Belgian capital Brussels has entered its third day of lockdown, with schools and underground transport shut and more than 1,000 security personnel deployed across the country.

Belgian interior minister Jan Jambon said “investigations will continue until we’ve fixed this problem”.

He told Belgium’s RTL broadcaster that Paris attacks fugitive Salah Abdeslam “must have a lot of support on our territory. That’s why all these searches being conducted at the moment are important”.

Security was extra tight in the European quarter of Brussels, especially around the EU institutions where ministerial meetings were going ahead as planned.

Brussels remains at maximum alert over information about an “imminent threat”, possibly a series of co-ordinated attacks at different locations similar to those in Paris on November 13.

Belgian police carried out raids throughout Brussels on Sunday, detaining 16 people, but Abdeslam was not among those arrested

Federal prosecutor Eric Van Der Sypt said 19 raids were carried out in Molenbeek, home to many of the Paris attackers, and other boroughs of Brussels and three raids were carried out in other cities.

“We have to stress that no firearms or explosives were discovered … during the raids,” Mr Van Der Sypt said.

One of those detained was injured when a car he was in tried to ram police during an attempted getaway, Mr Van Der Sypt said.

The raids capped a tense day with hundreds of troops patrolling and authorities hunting for one or more suspected extremists.

The Belgian government chose on Sunday to keep the capital on the highest state of alert into the start of the working week to prevent a Paris-style attack.

Citing a “serious and imminent” threat, prime minister Charles Michel announced that the subway, schools and universities in Brussels would be closed on Monday, preventing a return to normal in the city that is also home to the European Union’s main institutions.

Western leaders stepped up the rhetoric against Islamic State, which has claimed responsibility for the attacks in Paris that killed 130 people and wounded hundreds more; the suicide bombings in Beirut that killed 43 people and injured more than 200; and the downing of the Russian jetliner carrying 224 people in Egypt’s Sinai Peninsula.
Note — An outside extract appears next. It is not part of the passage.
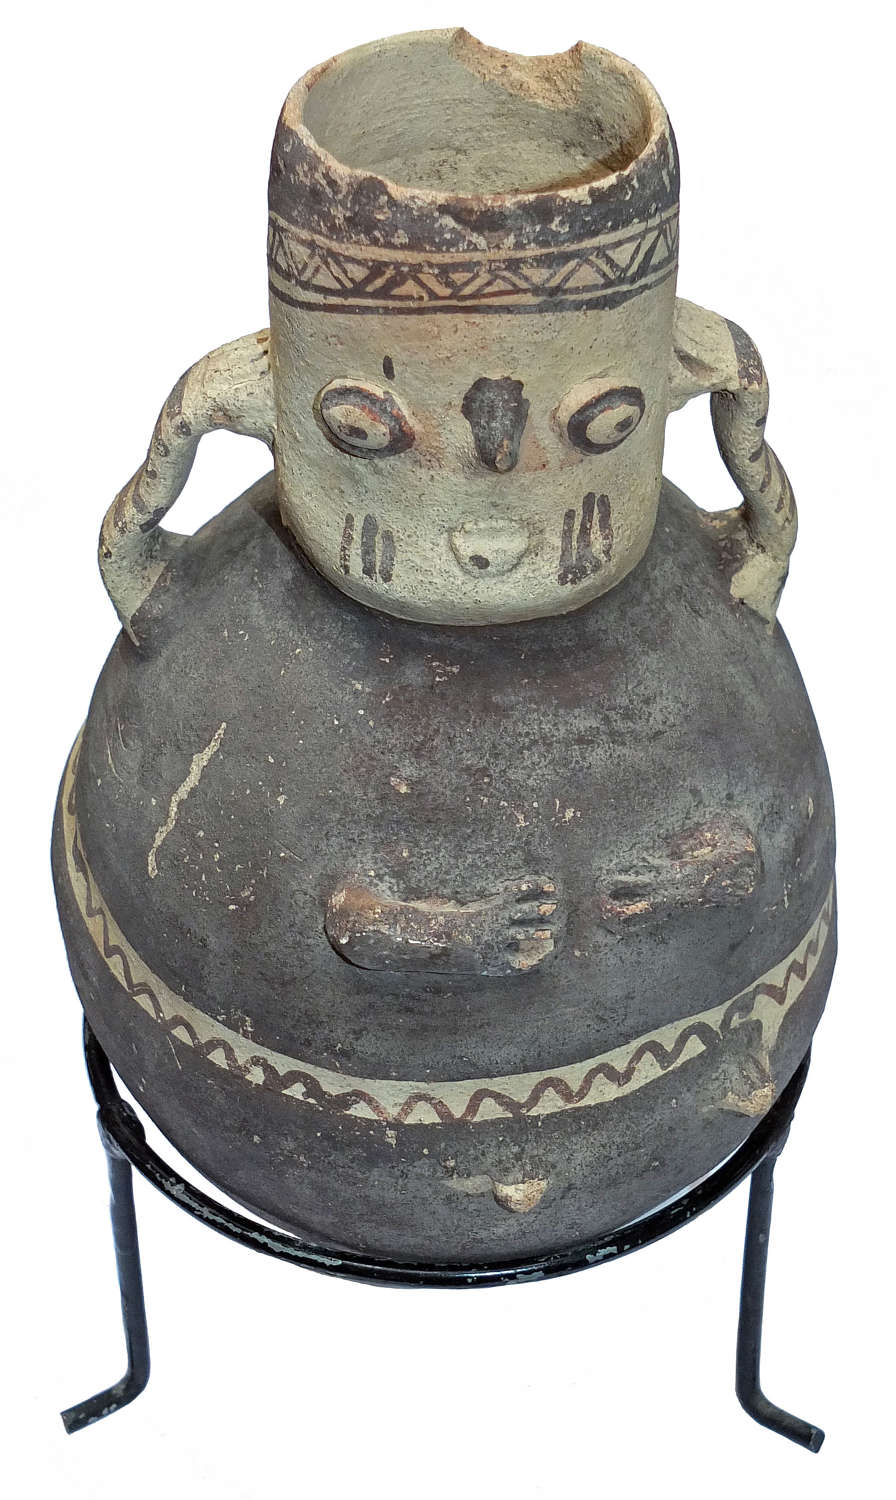 A Chancay ovoid pottery vessel, Peru, c. 1000-1400 A.D.
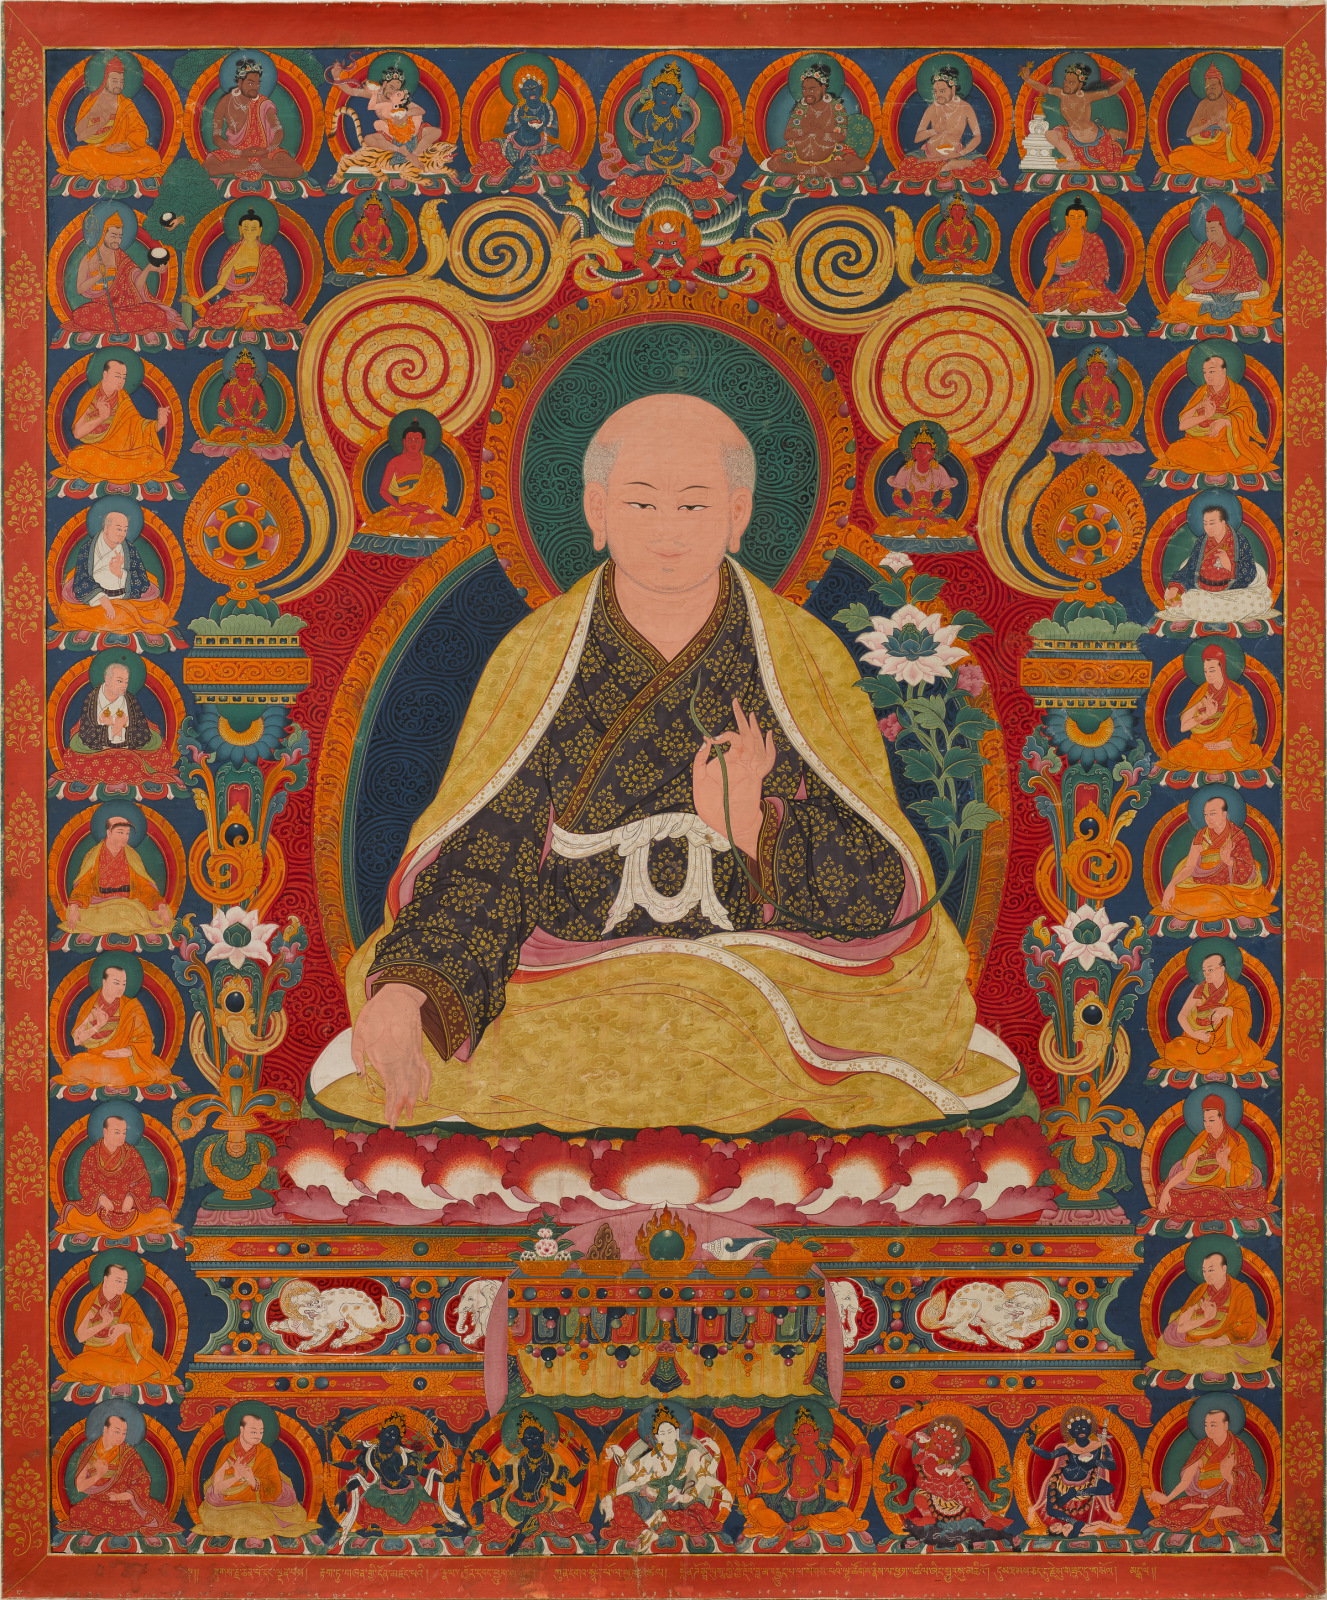 Timetan painting of Sachen Kunga Nyingpo (1092-1158), one of the Five Superiors of the Tibetan Sakya order

All happened within the past month.

“We will not accept the idea that terrorist assaults on restaurants and theatres and hotels are the new normal, or that we are powerless to stop them,” US president Barack Obama said in Kuala Lumpur, Malaysia.

British Prime Minister David Cameron and French president Francois Hollande, meeting in Paris, paid a quiet visit to the Bataclan concert venue, which saw the worst of the carnage in the 13 November attacks.

Authorities frantically searched for Abdeslam, who is believed to have played a key role and who crossed into Belgium the day after the attacks.

Several of the Paris attackers had lived in Brussels, including Abdelhamid Abaaoud, the plot’s orchestrator who was killed on Wednesday in a standoff with French police. Police issued a new appeal to identify the third attacker who was killed in the assault at the national stadium. They posted a photo of the man on Twitter, asking the public for information that would help identify him.

France has intensified its aerial bombing in Syria and French defence minister Jean-Yves Le Drian said the aircraft carrier Charles de Gaulle, which has been sent to the Mediterranean to help combat IS militants in Syria, will be “operational” from Monday and “ready to act”.

France has extended a state of emergency, which allows police raids, searches and house arrest without permission from a judge, for three months. On Saturday, it also extended a ban on demonstrations and other gatherings through November 30, when a UN climate conference with more than 100 heads of state is scheduled to start.